After its botched IPO and the replacement of CEO Adam Neumann, WeWork might look like an era-defining failure, but it might not change the way the venture capital world works.

That's the view of Erik Gordon, a professor at the University of Michigan's Ross School of Business whose areas of expertise include venture capital, private equity, and corporate governance. He's advised numerous companies and is also the faculty managing director of the school's Wolverine Venture Fund.

Venture capital funds are mainly judged based on the big bets they get right, Gordon said. That makes them very different from hedge funds and other types of investment funds that are judged primarily based on the returns they deliver for shareholders.

"VCs are not chastised for failures. They're chastised for missing out on the next Google," Gordon told Business Insider in an exclusive interview. "There's a lot of pressure to say 'this could be the big hit in my portfolio.'"

Since failure is so common in the VC world anyway, he added, there is an enormous amount of pressure on those funds to bet on companies that have the kind of potential WeWork appeared to have. That's one reason the flexible-office-space company's biggest backer might open its wallet for WeWork yet again.

After watching WeWork's valuation plunge from as high as $47 billion to $10 billion or less, it's possible that venture capital firms will briefly shy away from some of the risky-looking startups, Gordon said.
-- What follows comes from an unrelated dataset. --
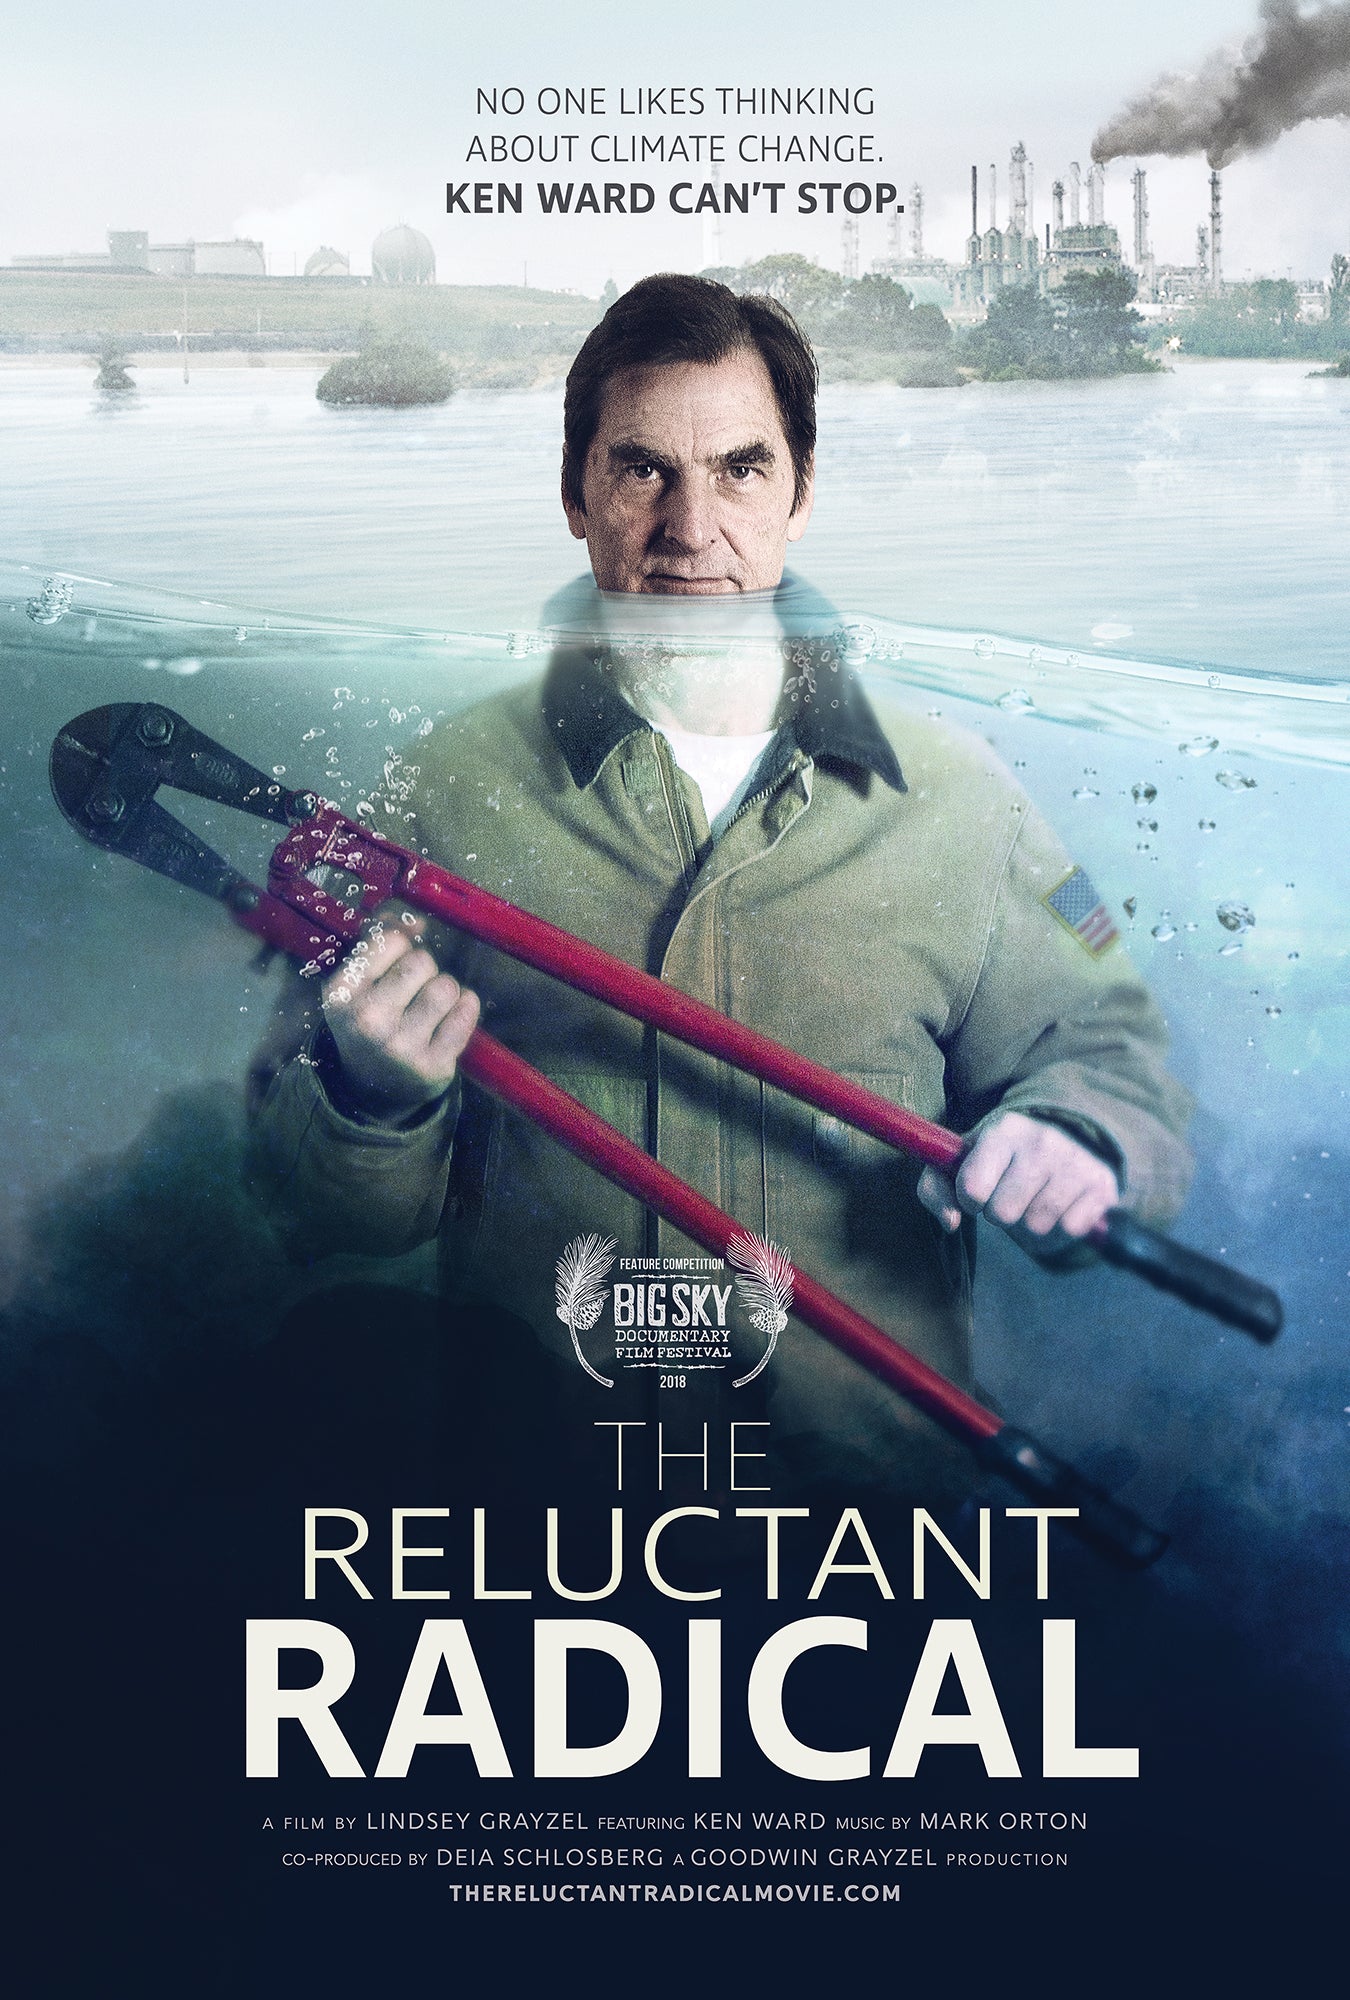 The Reluctant Radical

But the lure of backing a giant winner is going to be too strong for permanent change to set in.

"When a company is able to convince the VC world that it's the next hot one that you must be in to look like a real VC, we'll see the same thing over again. Because VCs can't resist," he said.

But he adds that investors don't have behave that way - and if their goal is building wealth and not getting in on a hot investment, they really shouldn't.

"The risk in the first week of trading is going to be gigantic, and are you going to get rewarded?" he asked. "You don't have to jump into a company on the first day or two that it's public."

Even if they don't get in on the ground floor of the next Beyond Meat, Gordon said, a focus on the longer term is safer and will help investors succeed.

"If you think it's a really good company, you think it's going to turn into a big investment, a good investment like Apple, Amazon, you don't have to be in it the first day," he said.